PROBLEM TO WORK ON: Within the entries below, the lines from the one with "Organisk Jord 10 Liter" through the one with "Women's Tennis Shoe" are to be set down exactly, both ends kept.

EXTRACTED INFORMATION:
******

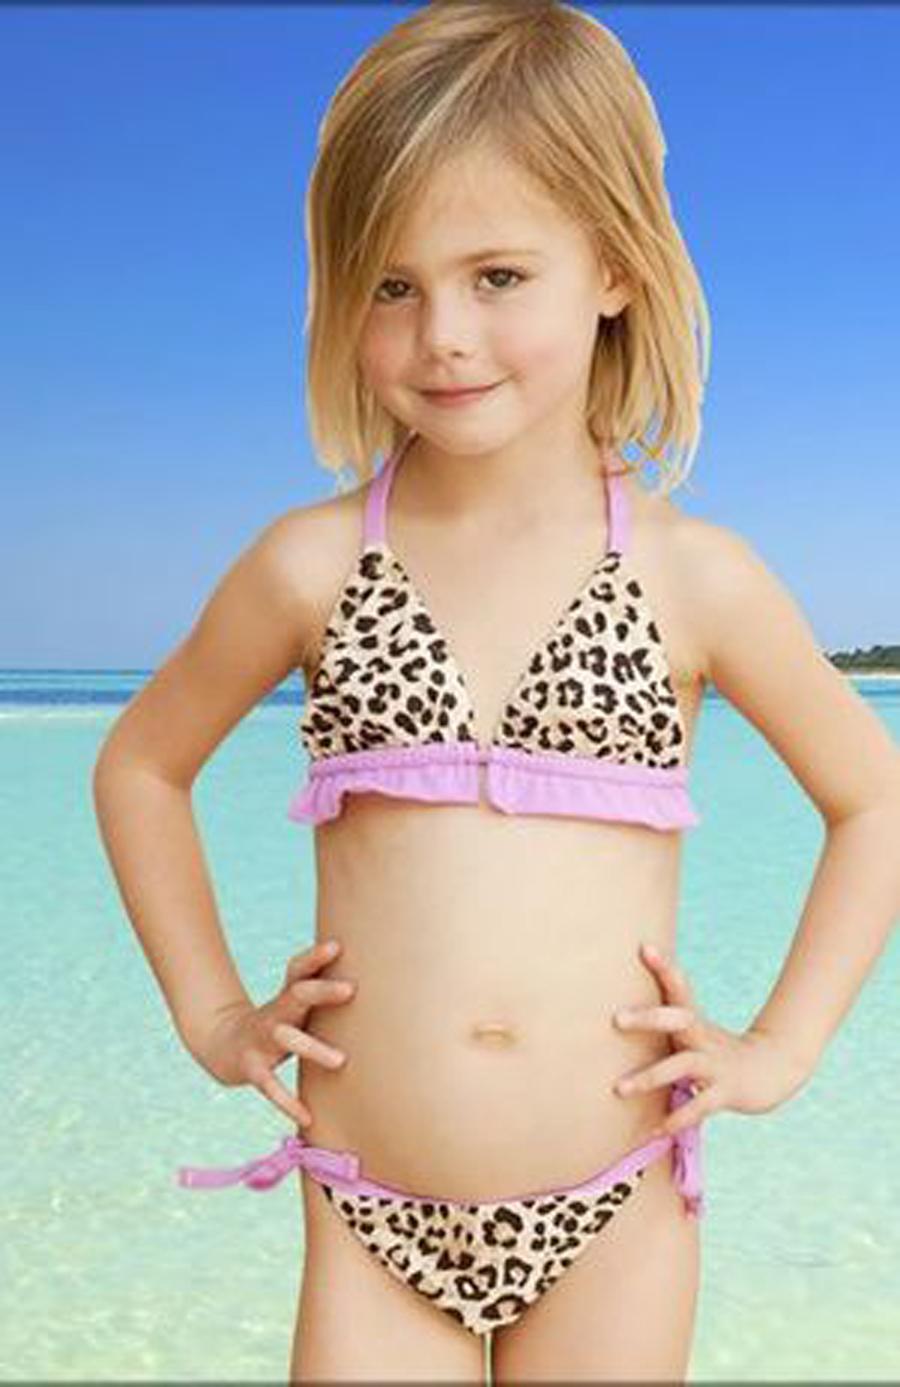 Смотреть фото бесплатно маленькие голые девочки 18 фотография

******

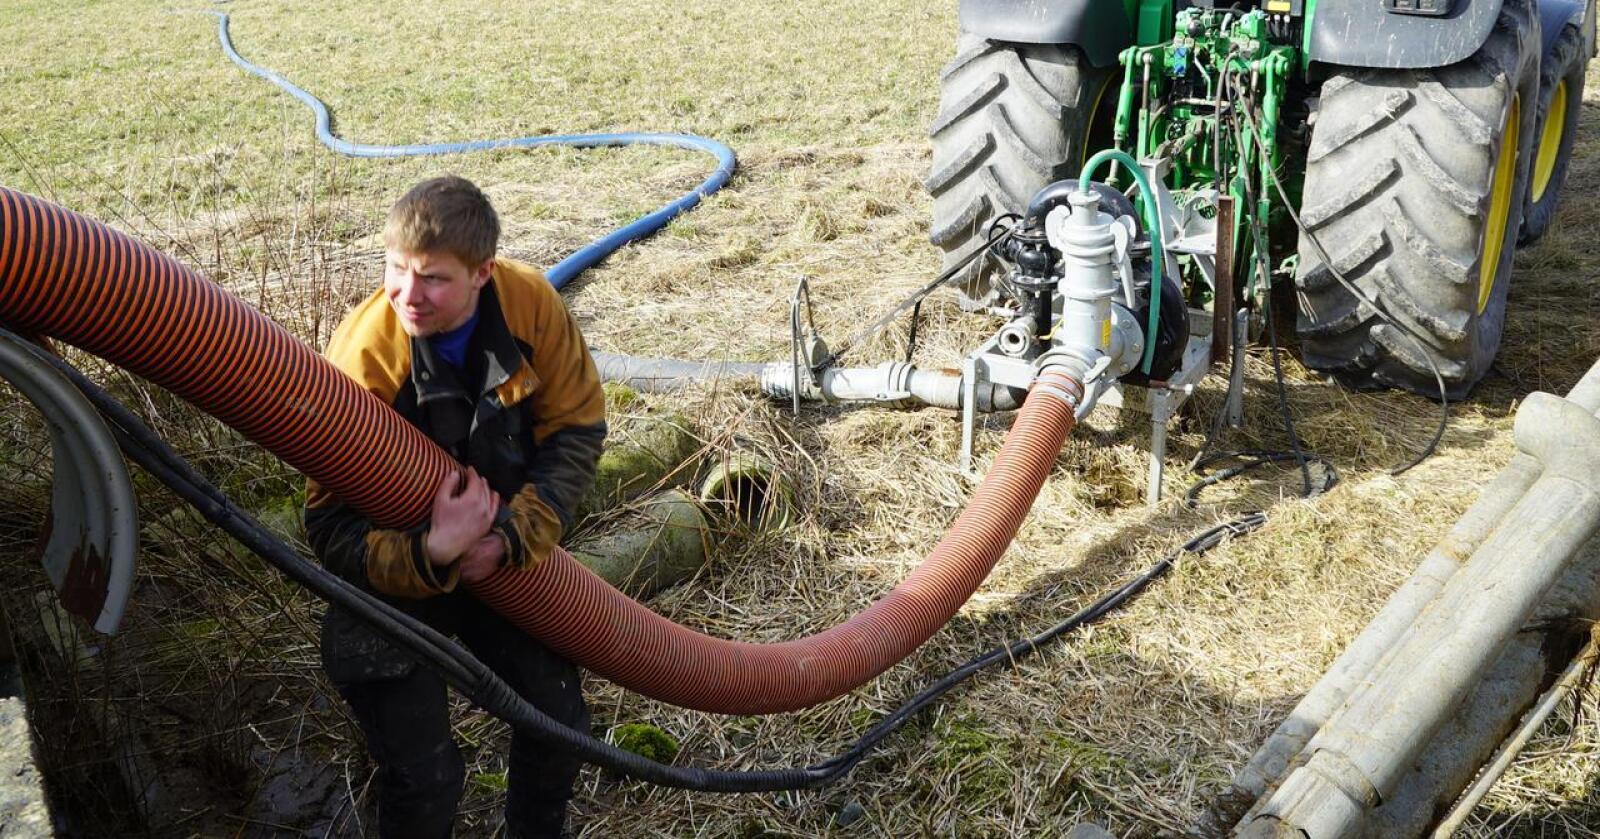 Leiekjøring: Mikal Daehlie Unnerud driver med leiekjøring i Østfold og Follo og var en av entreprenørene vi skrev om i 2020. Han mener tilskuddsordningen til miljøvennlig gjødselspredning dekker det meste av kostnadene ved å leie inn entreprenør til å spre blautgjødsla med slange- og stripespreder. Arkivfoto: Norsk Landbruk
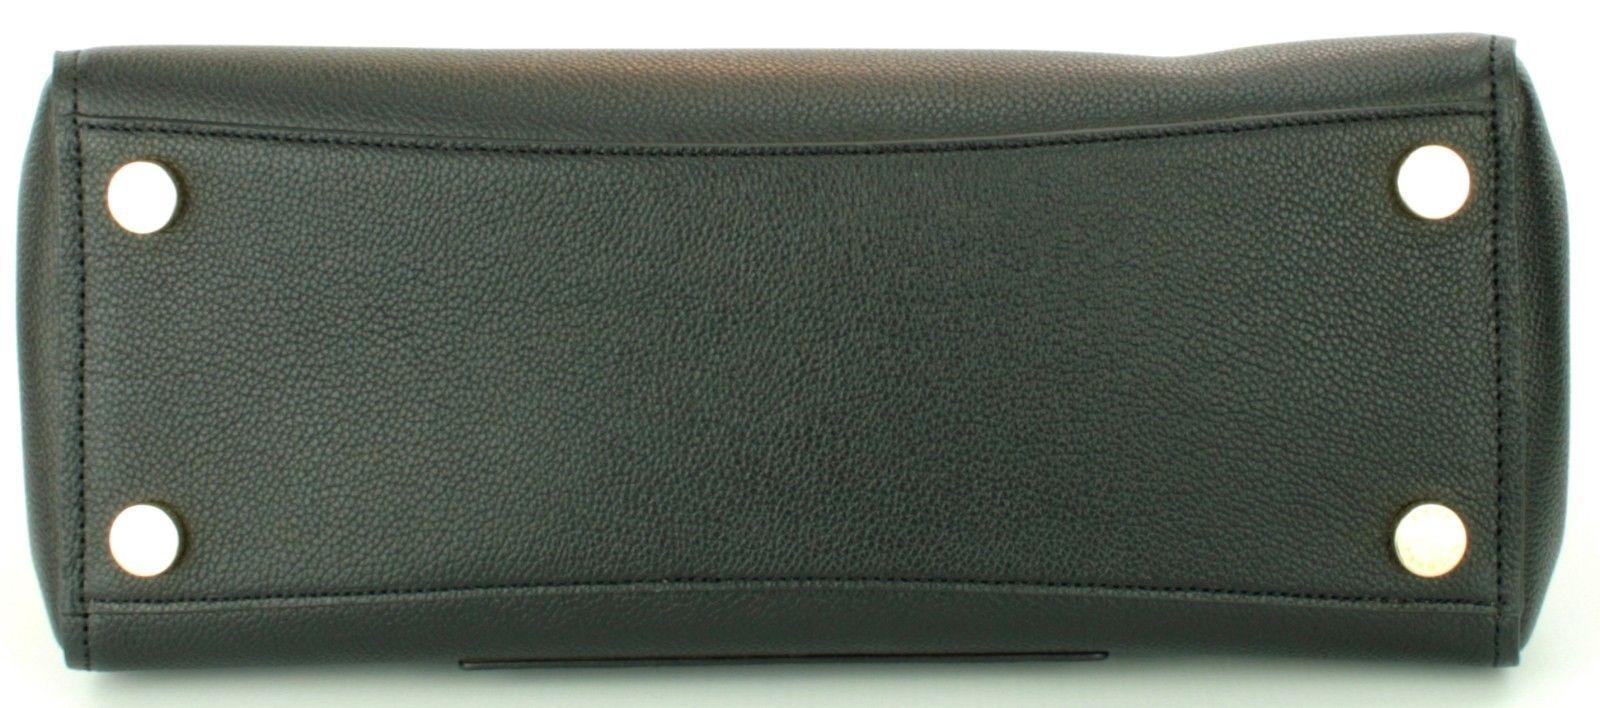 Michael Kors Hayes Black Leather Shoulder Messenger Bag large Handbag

******

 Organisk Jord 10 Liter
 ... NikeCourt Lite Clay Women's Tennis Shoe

******

ANSWER TO THE EXERCISE:
 Organisk Jord 10 Liter
 ... NikeCourt Lite Clay Women's Tennis Shoe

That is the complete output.